- **REQUIREMENT**:
None of the pictures should be copied, though every line of the listing must be printed exactly.

- **RECORDED INFORMATION**:
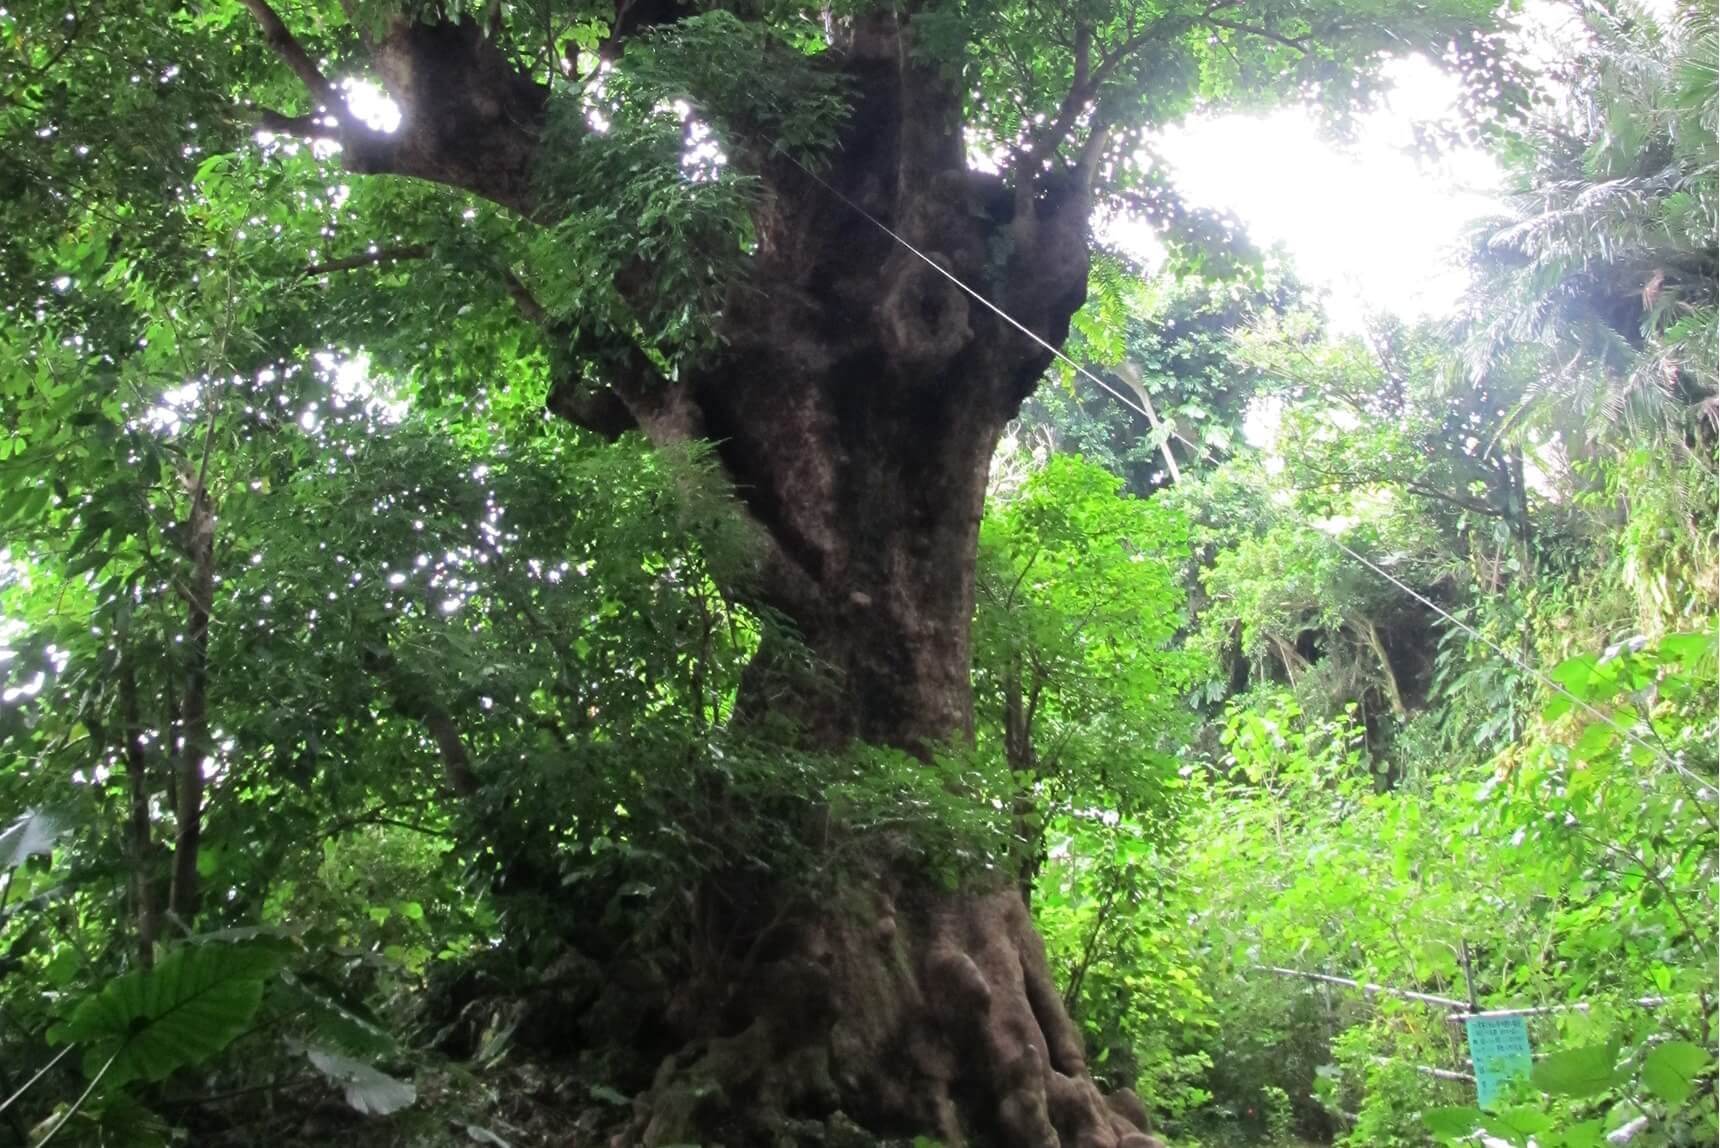 O-akagi Tree
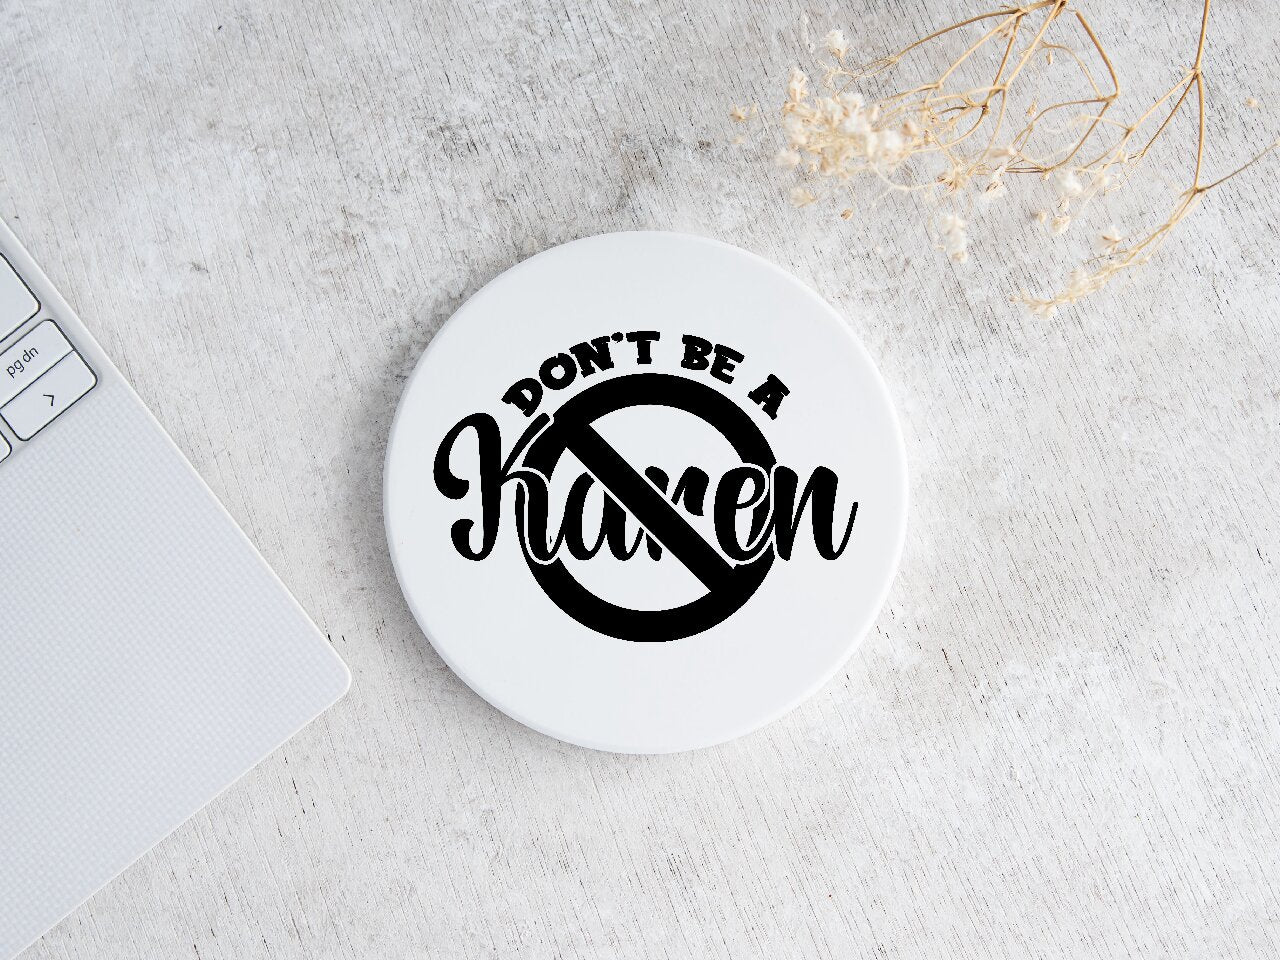 Don't Be A Karen - Coaster
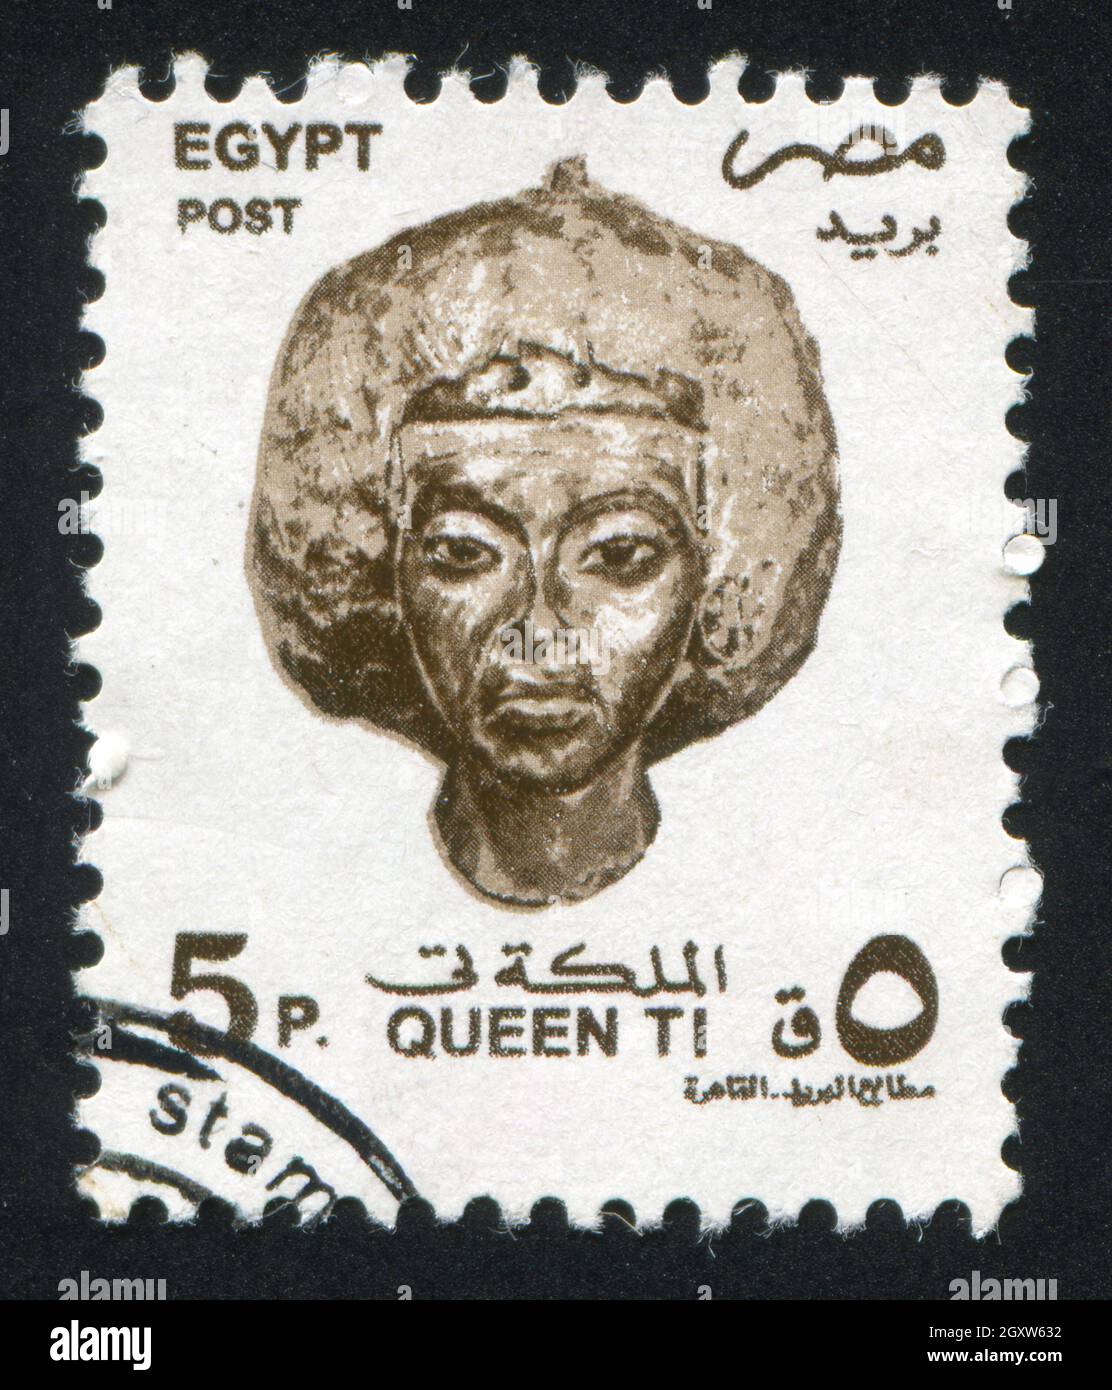 ÉGYPTE - VERS 1994 : timbre imprimé par l'Égypte, affiche le buste de la reine Tiye, vers 1994 Banque D'Images

- **SOLVED PROBLEM**:
 O-akagi Tree
 Don't Be A Karen - Coaster
 ÉGYPTE - VERS 1994 : timbre imprimé par l'Égypte, affiche le buste de la reine Tiye, vers 1994 Banque D'Images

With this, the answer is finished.